My guess is that Aranda will play man-free and try to have Jacoby Stevens and Grant Delpit well acquainted with the QB run game. In fact, there’s a game from back in the day where Aranda faced Cardale Jones and Ohio State in the B1G Championship game that could be instructive. The Badgers played man-free and then another coverage more akin to cover zero with the safeties playing at like eight yards deep and coming downhill on most everything with the corners getting very little help outside. It was a disaster that day because Cardale Jones beat them over the top a few times and the Badgers got burned peeking into the backfield on some misdirection and option runs. That said, I could see the Tigers getting super aggressive with the secondary and playing something close to cover zero with Delpit and Stevens playing close on the inside receivers and fullbacks and tight ends while the linebackers are free to play the run without worrying about coverage.

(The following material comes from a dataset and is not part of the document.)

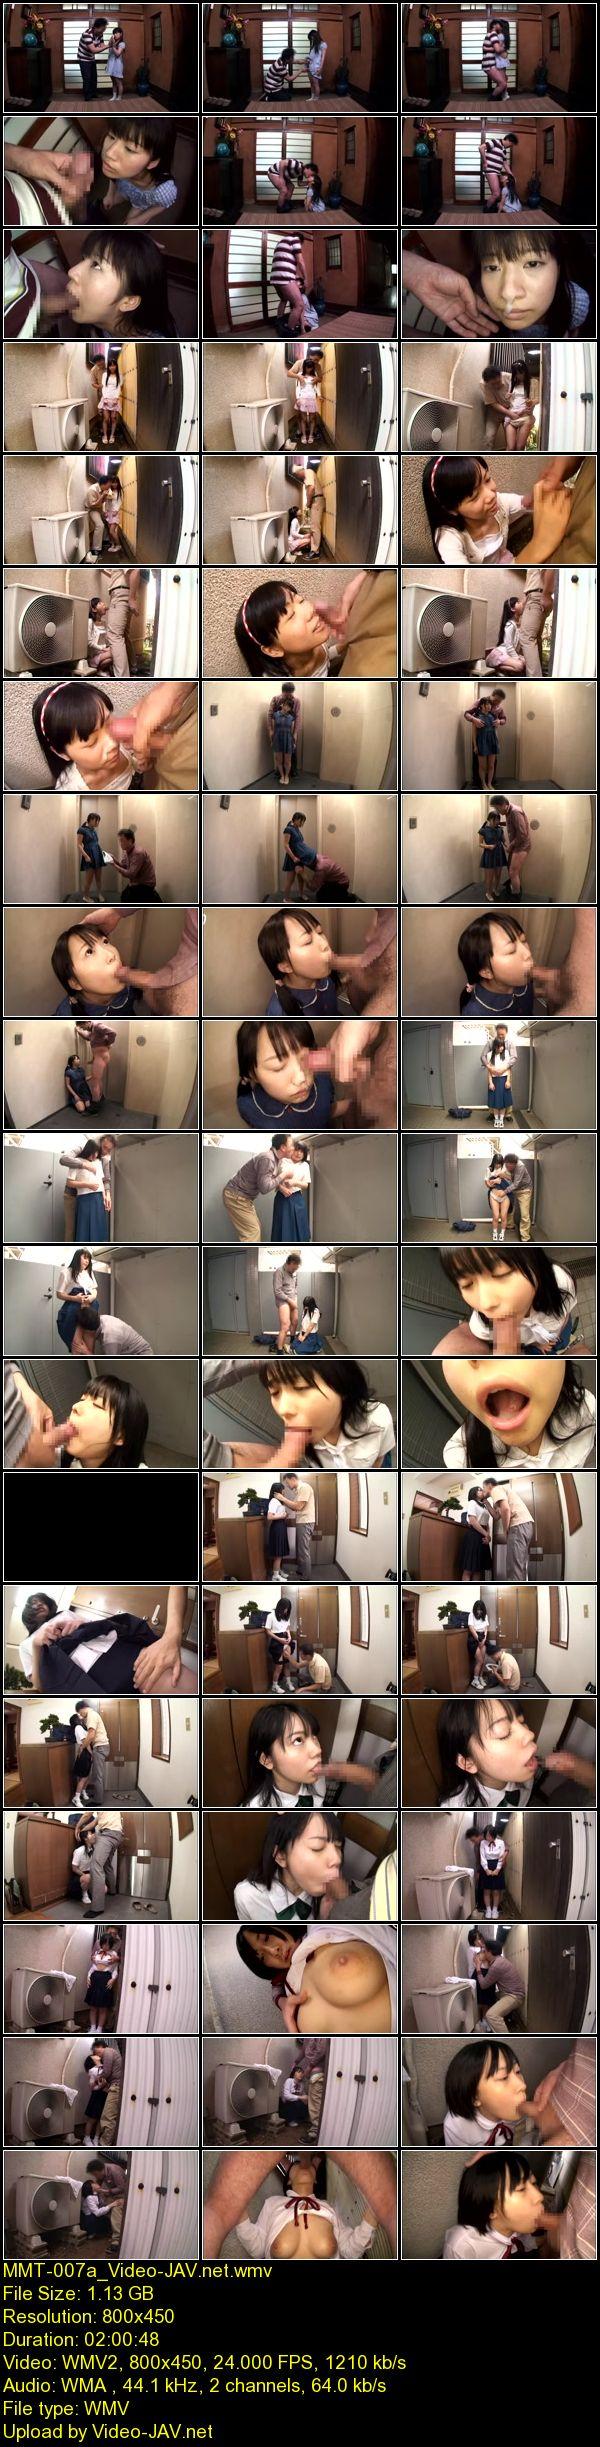 JAV Download [MMT 007] いたずら後の強制フェラチオ。 小さい女の子12人のお口へ。 濃厚名場面集 2。 ミニマム Lolita 2013 03 01

Basically I think LSU will really look to smother them and make them prove they can actually burn them deep in the passing game. If that isn’t looking good they can swing in the opposite direction, play really conservatively, and hope that OU can’t execute all the way down the field and in the red zone against the Tigers’ athleticism and tackling. The latter would be a safe way to win, the former combined with early scoring drives could put the Sooners in a really uncomfortable hole that buries them.